Atelier d’écriture : le corps humain

Lors de mon dernier atelier d’écriture créative, les participants ont demandé à écrire sur le thème du corps humain.

Nous avons ainsi appris que nous naissons avec bien plus d’os (350) que nous en avons à l’âge adulte (206). Que nous perdons environ 80 cheveux par jour, mais que ceux-ci peuvent pousser jusqu’à 20 cm sur une année. Que sourire est bien plus facile que de tirer la tronche, en effet, nous mobilisons seulement 20 muscles pour sourire, mais 40 quand on fronce les sourcils ! Mais ce qui nous a surtout surpris, c’est la vitesse à laquelle un éternuement a été enregistré : 165 km/h. Cela dit, nous avons donc ainsi compris pourquoi il est mauvais de se retenir d’éternuer ;-)

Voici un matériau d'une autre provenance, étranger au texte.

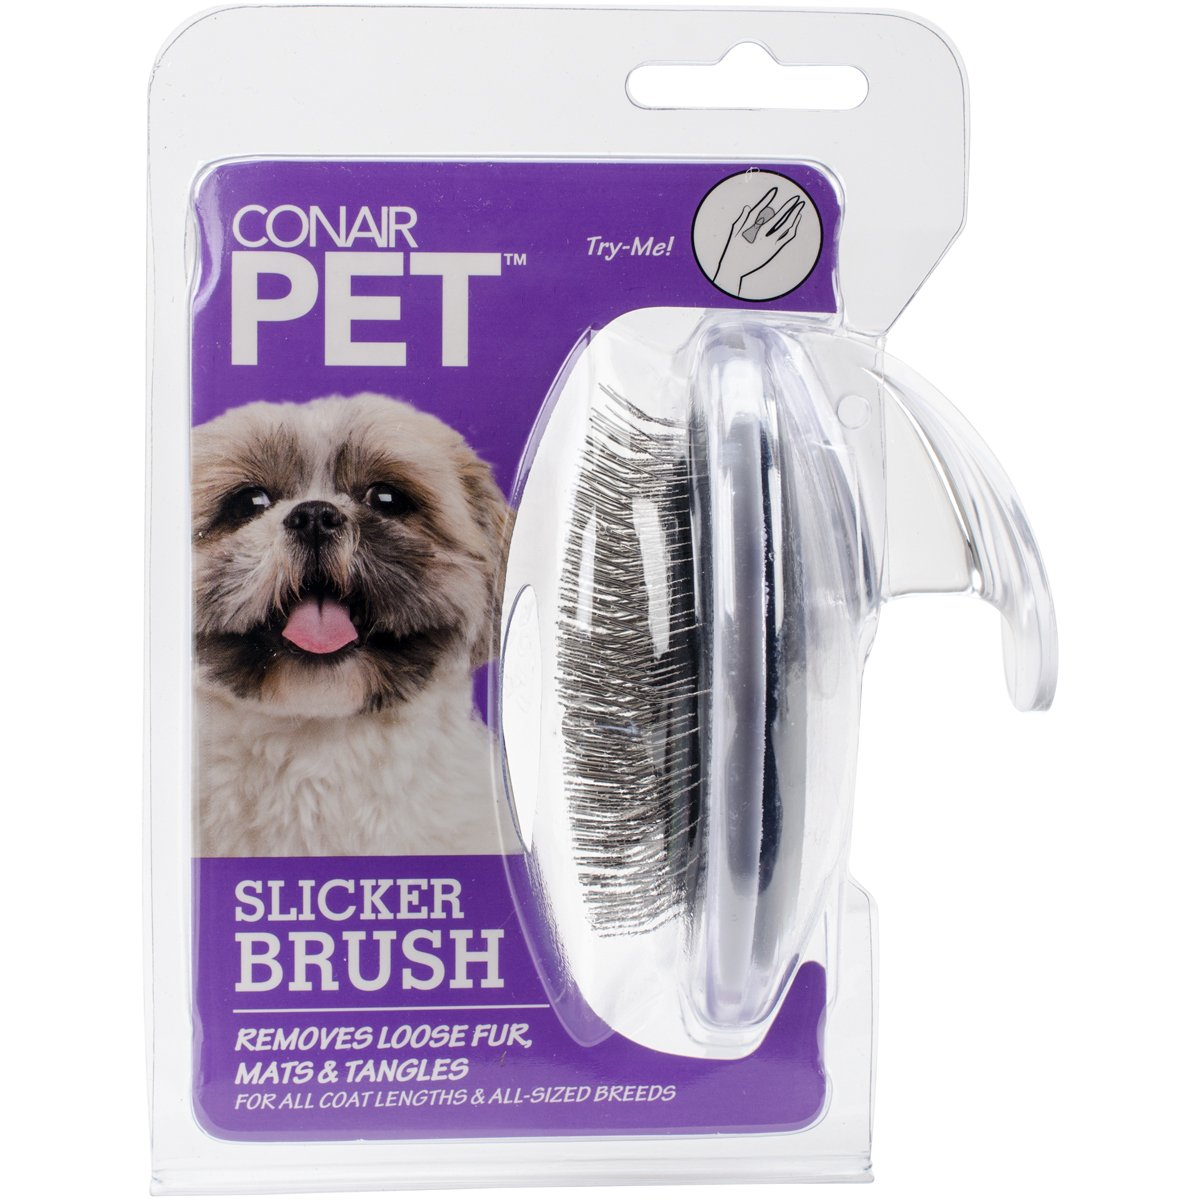 Conair Pet Groom-Me Slicker Brush

Je n’écris pas tout le temps avec eux, car je suis surtout là pour les aider (adultes en situation de handicap – ici psychologique et psychiatrique). Mais jeudi passé, j’ai eu l’occasion d’écrire un petit quelque chose, car tous ont été inspiré pour écrire et ils ont eu moins besoin de mon aide.

J’ai envie de vous partager ce petit texte qui est venu tel quel. Poème, chanson ou texte libre, à vous de choisir ;-)

Je me suis fait renverser à 12 ans

Une déchirure,
à vélo,
du métal dans la cuisse,
un gros bobo qui fait mal.

En plein été,
il fait beau, il fait chaud,
c’est la course des vélos,
avec plein de copains.
Y avait un trophée à gagner
et c’est moi qui l’ai remporté.
Oui, j’ai gagné l’auto,
mais j’ai perdu l’vélo.

Une déchirure dans la cuisse
en forme de V,
comme les oiseaux en vol
en formation dans le ciel,
et dans les yeux une pluie d’étoiles
et dans ma mémoire une absence de choc.
Un oubli, une pluie,
un bruit et c’est fini

Une déchirure dans la cuisse
en forme de V,
9 points de suture ça a nécessité
de peu à la greffe j’ai échappé
la peau racrapotée, ils ont pu récupérer.

Habillée légèrement, j’étais à vélo
et j’ai rencontré une voiture.
Elle était rouge
il était bleu.
La plaque d’immatriculation
dans ma cuisse dénudée
est rentrée sans façon
j’me souviens, c’était l’été.

Jeu d’écriture : écrire la suite (Noël)

Pour mon prochain atelier d’écriture, j’ai imaginé, entre autres jeux, une invitation à écrire la suite d’un début d’une histoire. Comme Noël s’approche à grands pas, l’histoire se passe à Noël. Avec Papa Noël plus exactement.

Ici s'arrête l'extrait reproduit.